Chat with your videos using natural language. This application combines semantic search over video transcripts in LanceDB with agent-powered question answering. The UI also displays the relevant video frames inline with the conversation. This demonstrates Lance's Blob API's ability to load subsets of large blobs without materializing the full blob into memory.
The dataset used is the "PostgreSQL vs. the World Seminar Series" from the CMU database group on YouTube. The YouTube videos and their transcripts are stored and indexed in LanceDB to be retrieved by the agent layer during question-answering. In the future, more videos on similar topics can be added to enrich the database.
User Query: "explain B+ tree insertion"
│
▼
┌───────────────────────┐
│ Query Rewriter │
│ (PydanticAI Agent) │
└───────────────────────┘
│
▼
┌───────────────────────┐
│ Hybrid Search │
│ 0.8 vector + 0.2 FTS│
└───────────────────────┘
│
▼
┌───────────────────────┐
│ Context Ranker │
│ (PydanticAI Agent) │
└───────────────────────┘
│
▼
Answer + Top 2 video snippets
│
┌───────────┴───────────┐
▼ ▼
┌───────────────┐ ┌───────────────────────┐
│ Chat UI shows │ │ Video players seek to │
│ AI response │ │ exact timestamps │
└───────────────┘ └───────────────────────┘
For lecture videos (mostly talking heads), the transcript contains the semantic content. Video frames are streamed on-demand using Lance's blob API with HTTP Range requests, so even 100MB+ videos never load fully into memory.
The frontend is a Next.js chat interface where users ask questions about their indexed videos. When a user sends a message, the system uses PydanticAI agents to rewrite the query for optimal search, retrieves relevant transcript chunks via hybrid search, and generates a natural language answer with references to specific video moments.

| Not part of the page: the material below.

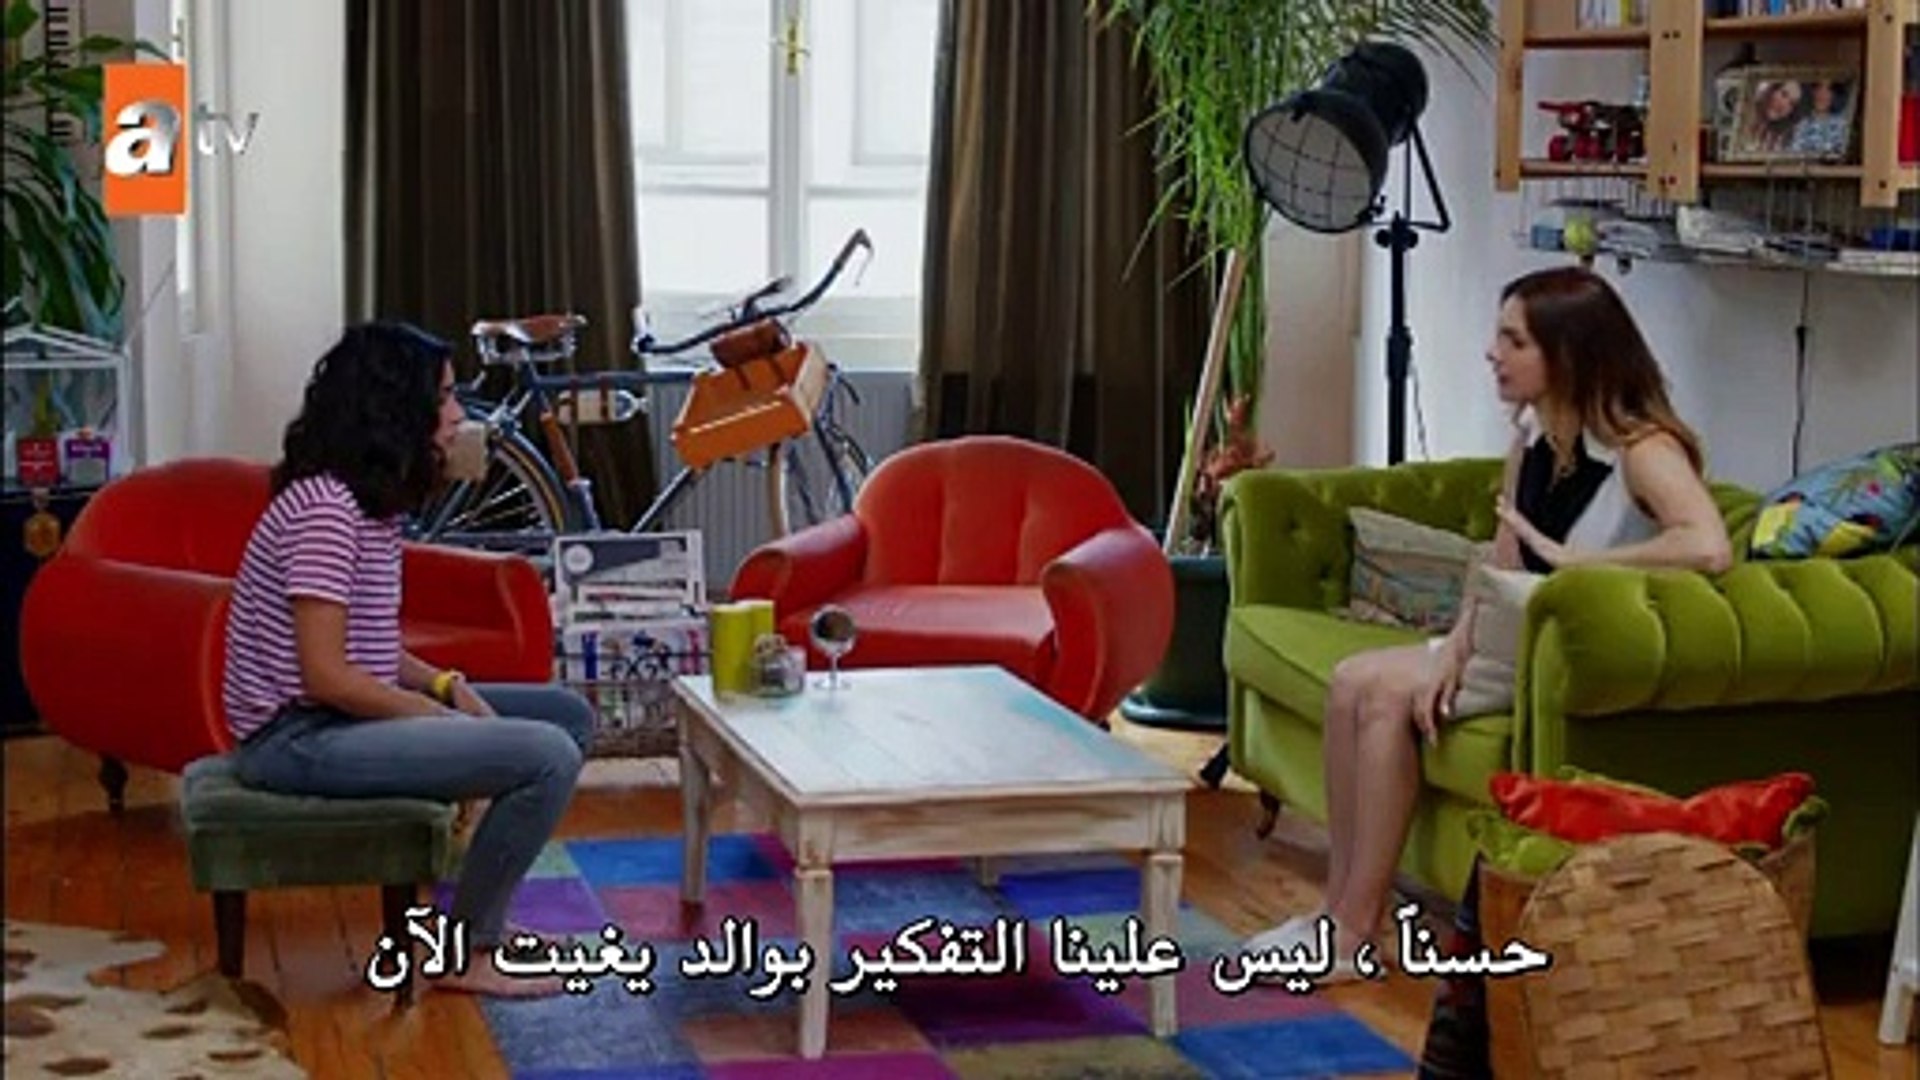 مسلسل هل يحبني الحلقة 11 القسم 1 مترجم للعربية فيديو Dailymotion
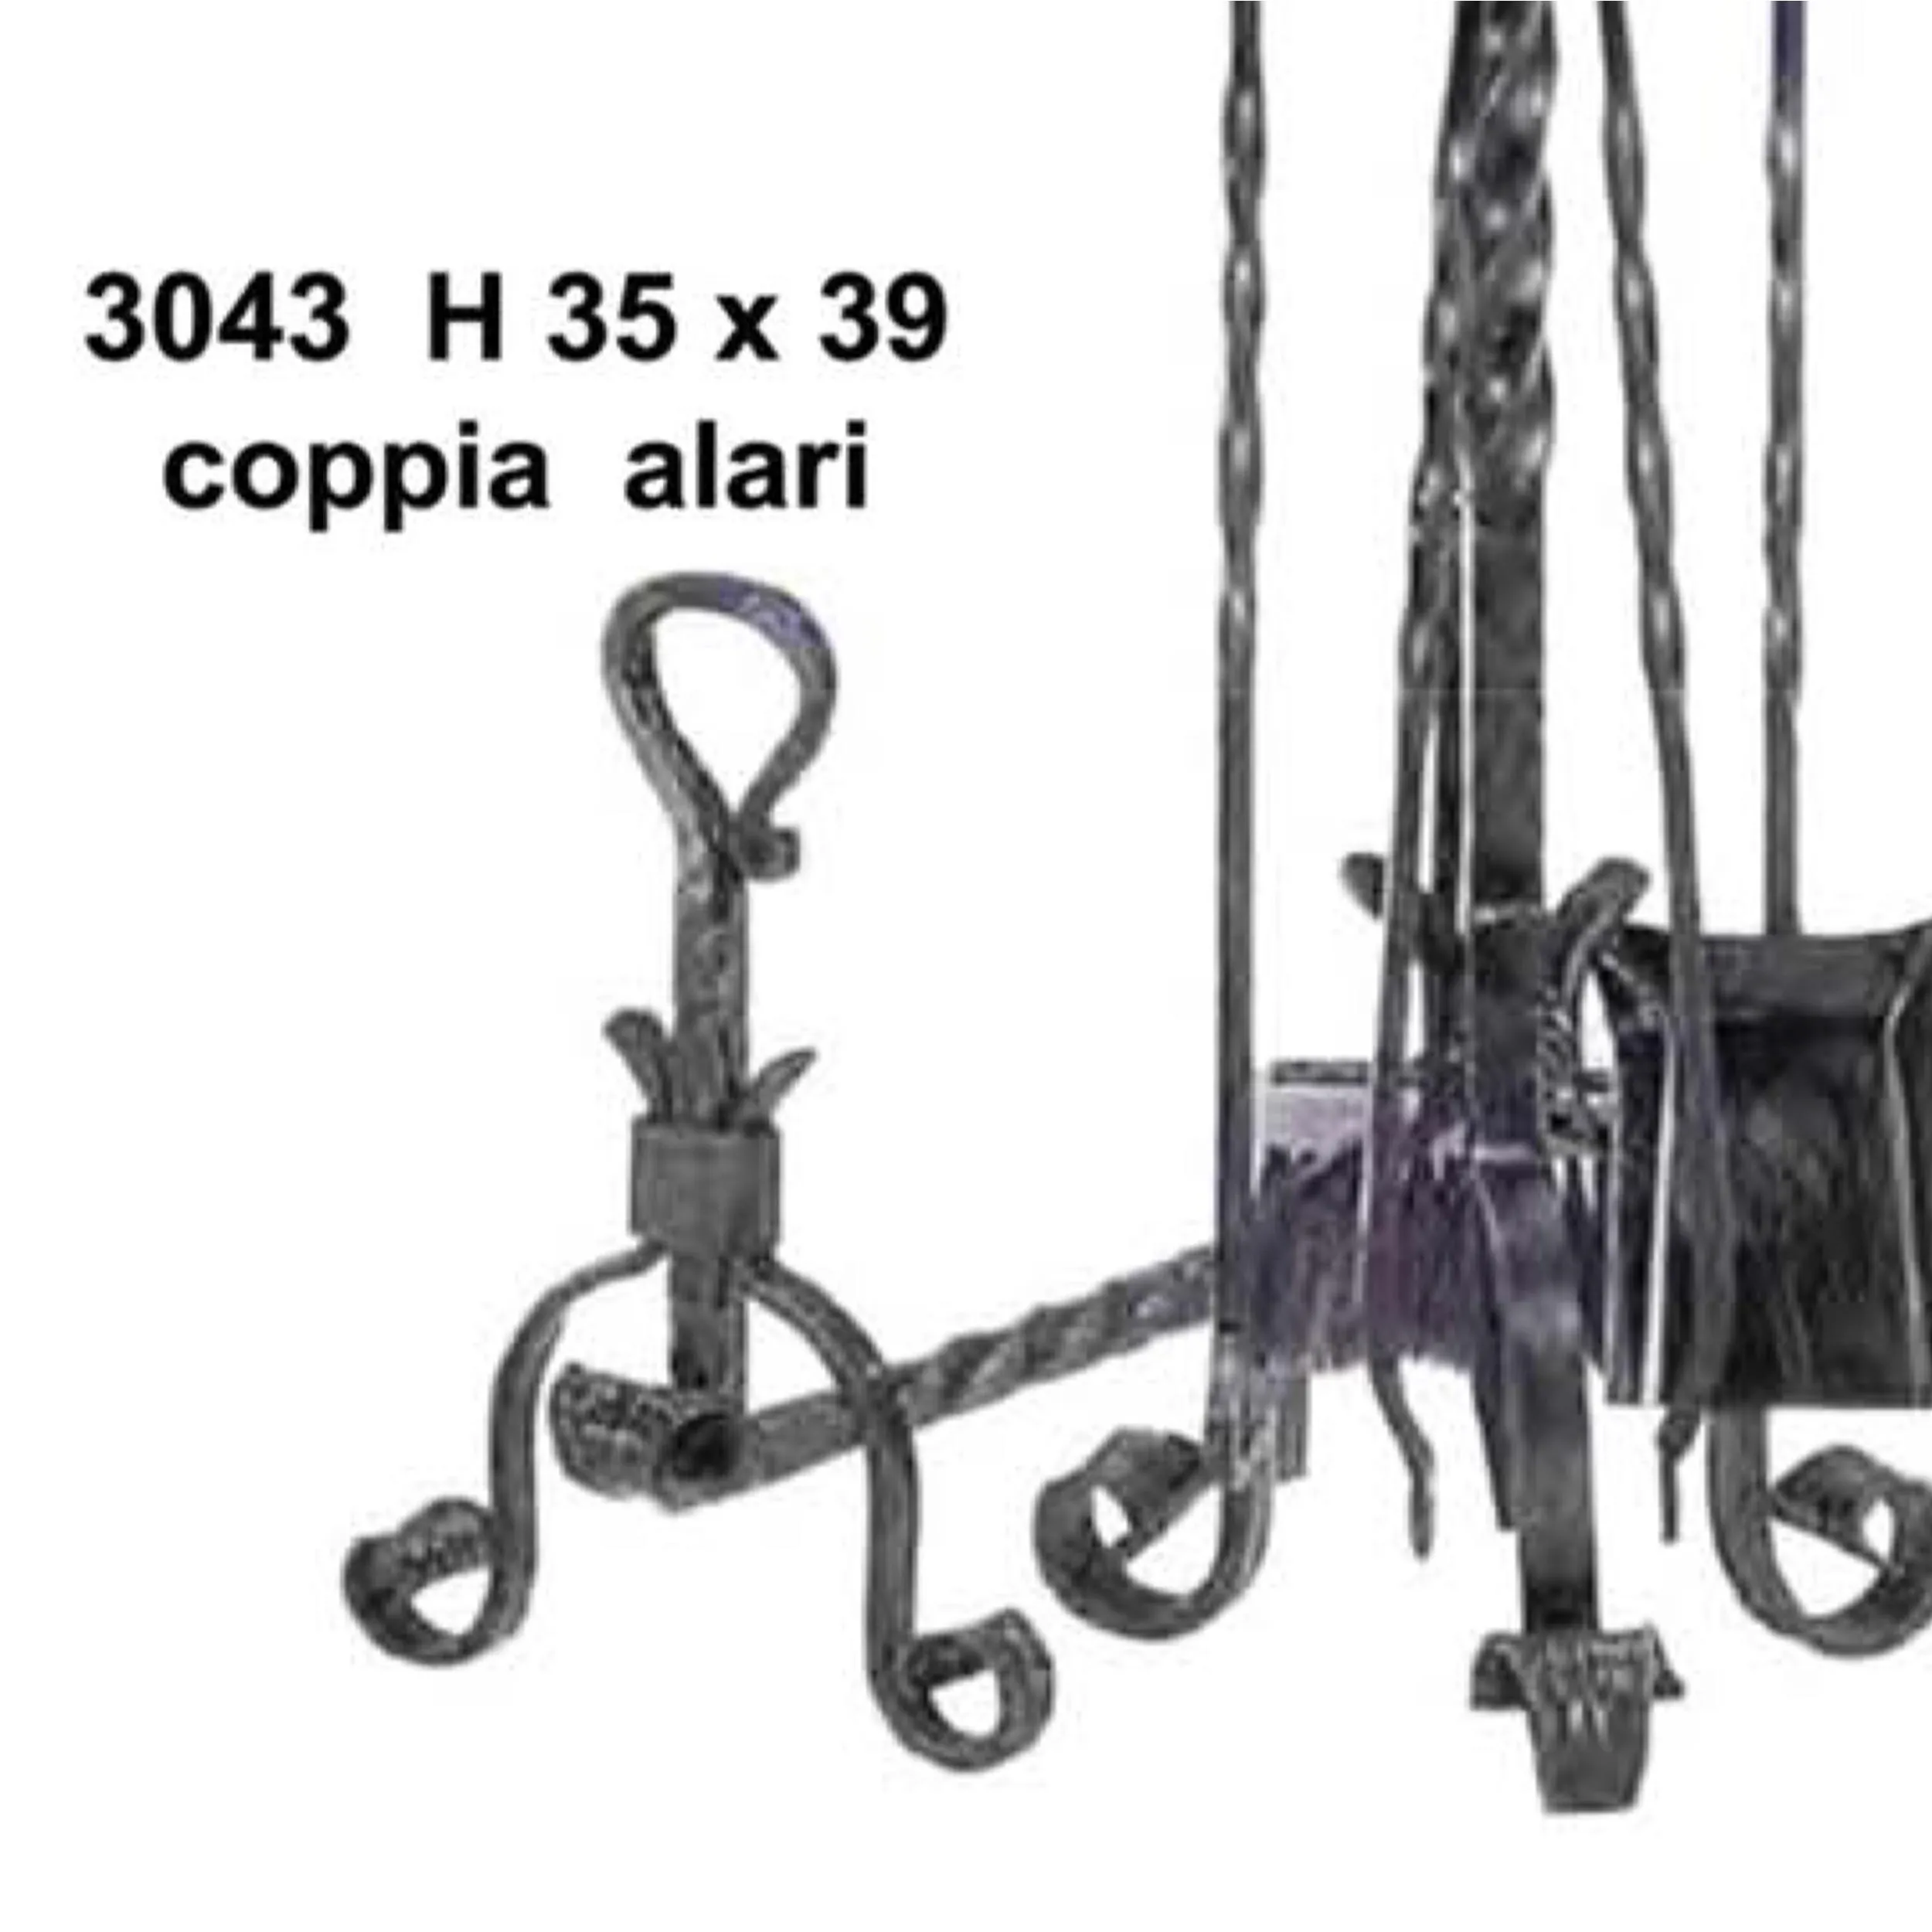 Coppia alari in ferro battuto per camino con anello 39xh35 cm lavorazione artigianale in ferro battuto colore nero

Each answer displays up to two video snippets inline. The HTML5 video players automatically seek to the relevant timestamp and pause at the end of the snippet, allowing users to watch exactly the portion of the video that answers their question.
Start the backend API server (connects to remote LanceDB Enterprise by default):
uv run scripts/start_server.pyTo use a local LanceDB instead:
uv run scripts/start_server.py --localIn a separate terminal, start the frontend:
cd frontend
npm install
npm run devOpen http://localhost:3000 to use the chat interface.
Video files can be large (100MB+), but the application never loads an entire video into memory. This is achieved through Lance's blob encoding, which enables random access reads directly from S3 or disk.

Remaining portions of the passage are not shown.